Я ожидала чего угодно - что он хотя бы удивленно заморгает (на какие-то сильные проявления чувств этот субъект был, по-видимому, не способен от рождения), переспросит меня или усмехнется, решив, что у меня бред. Но его лицо сохранило все то же непроницаемое выражение, только в глазах мелькнул непонятный огонек, как у человека, который долго искал что-то и наконец нашел.
- А что? - глупо спросила я, окончательно бросив попытки хоть что-нибудь понять. Он вновь улыбнулся, на этот раз, кажется, более искренно.
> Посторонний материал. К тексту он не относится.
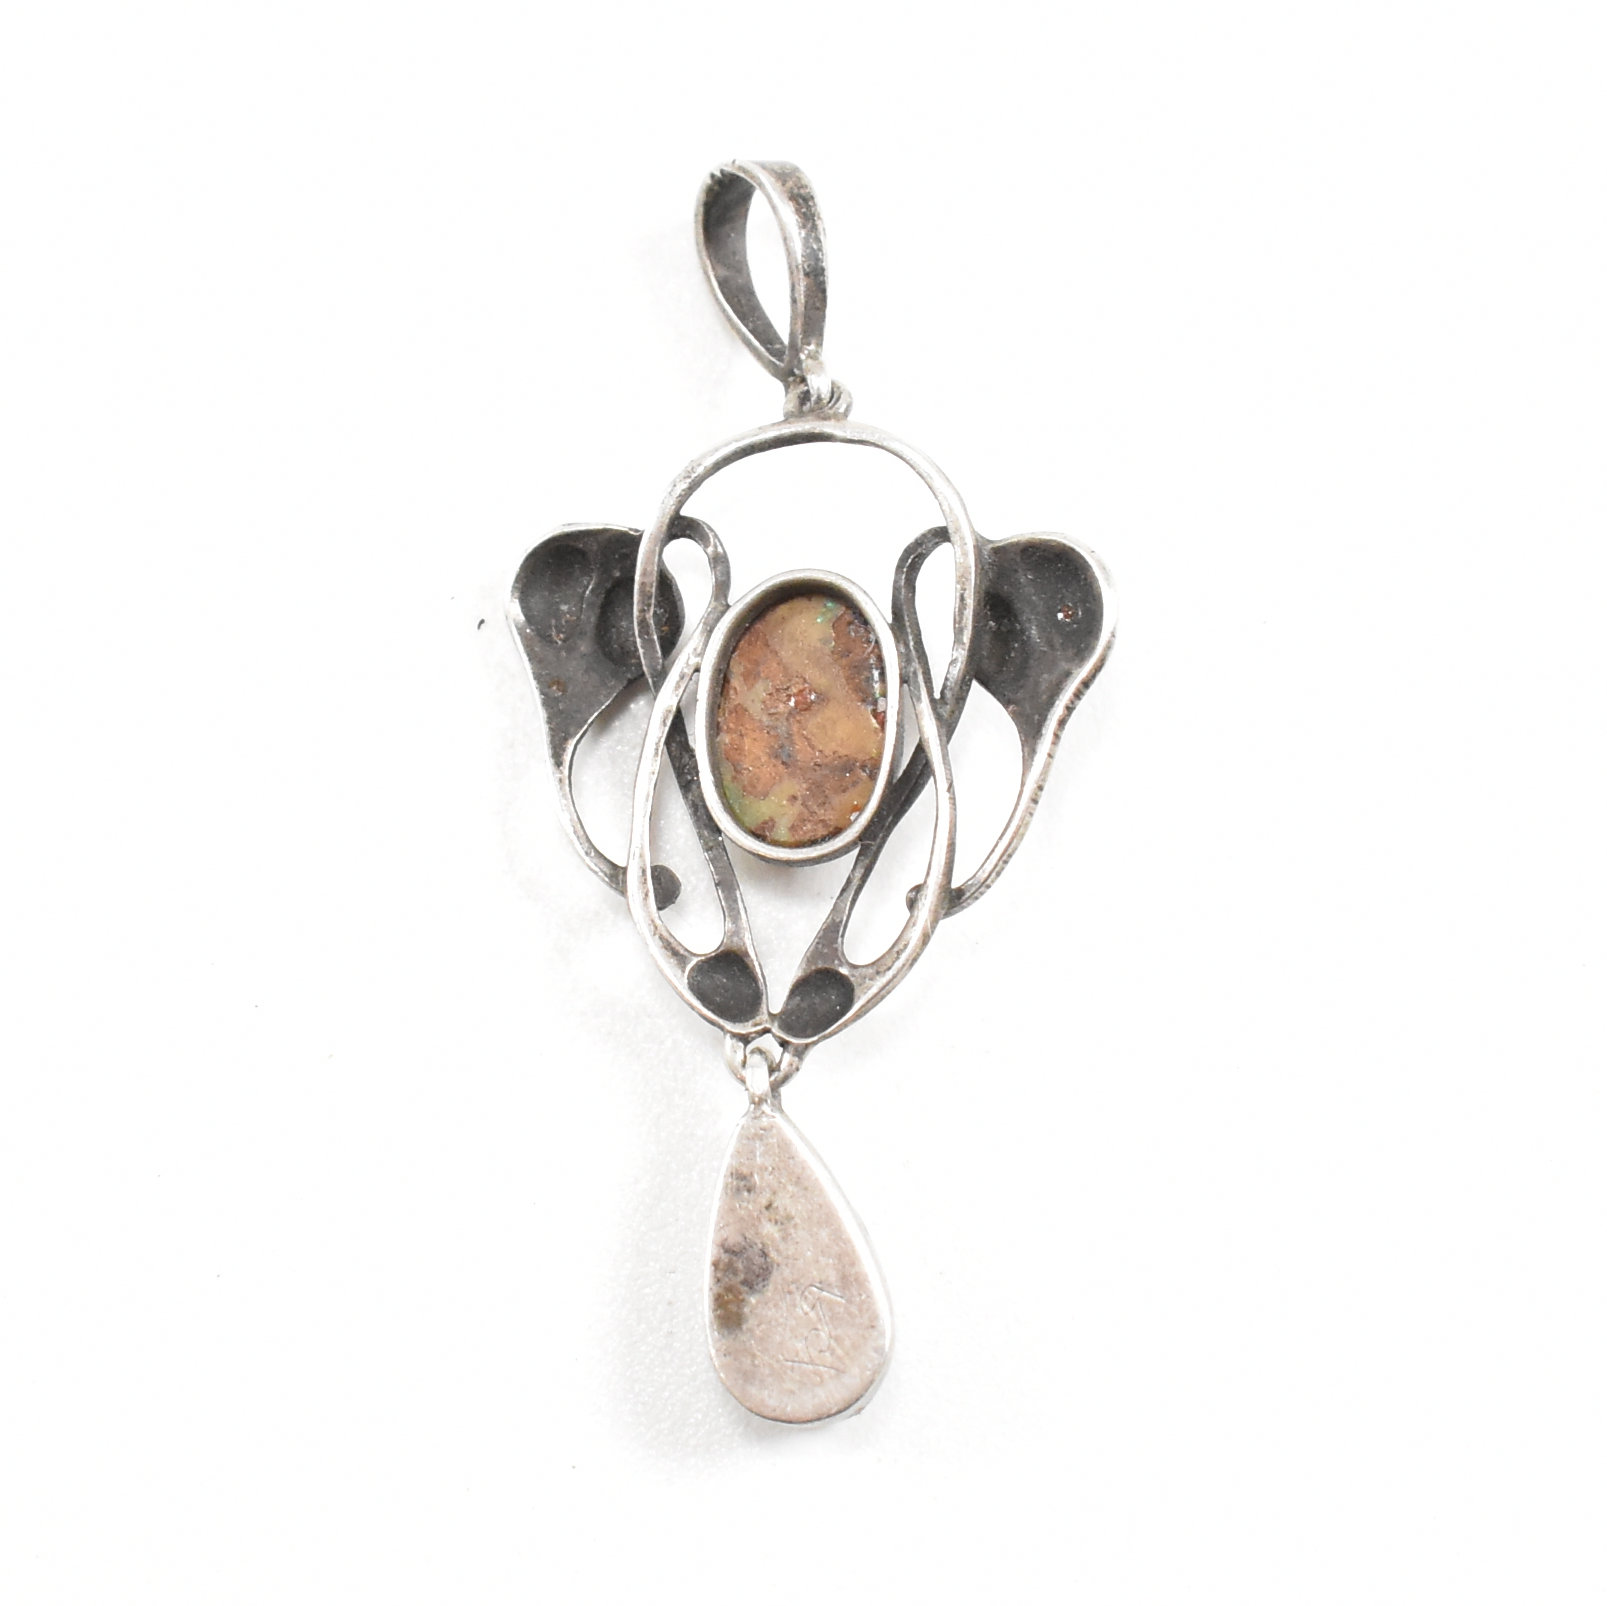 ARTS & CRAFTS SILVER OPAL & MOTHER OF PEARL NECKLACE PENDANT - Image 3 of 6

- Натали, - я невольно вздрогнула от того, как он произнес мое имя, - где же вы были все это время?
Я решила, что неправильно поняла вопрос.
- Ч… что?.. - тут я заметила, что от изумления даже перестала икать. Но меня уже не слушали - немного оживившись под действием какого-то бесповоротного решения, которое только что он для себя принял, мой собеседник поднялся со стула.
- Для беседы это не лучшее место. Подождите меня здесь, я скоро приду.
Почти бегом он вышел из кабинета, оставив меня одну. Я долго слушала, как удаляются по коридору звуки его мелких шажков, с трудом переваривая мысль, что, кажется, мое положение вовсе не столь безнадежно, как казалось мне двадцать минут назад.
Я не знала сама, на что толком надеюсь, но надеяться хоть на что-то, пусть зыбкое и иллюзорное, было лучше, чем не видеть вообще никакого просвета - за этим бы неизбежно последовала еще одна истерика, и меня мучило предчувствие, что этого я просто-напросто не вынесу, и у меня без шуток поедет крыша. Поэтому я сидела, дожидаясь, пока за мной придут, почти спокойно, в каком-то странном глухом оцепенении, ничего толком не соображая, и встрепенулась, только когда в коридоре вновь послышались голоса. Один принадлежал тому, кто допрашивал меня час назад, другой - моему давешнему фарфоровому знакомцу.
- Ваша теория звучит нелепо, - мягко убеждал он. - Это всех нас выставит на посмешище, вас в первую очередь.
- Ну хорошо, пусть она не шпионит на Англию, - упорствовал первый, но по голосу его было слышно, что делает он это скорее затем, чтобы вовсе не потерять лицо, - пускай на Пруссию…
- В свете недавних событий поляки ненавидят Пруссию так же сильно, как и мы. Вам потребуется долго собирать необходимые доказательства, и я не уверен, что вы достигнете в этом успеха.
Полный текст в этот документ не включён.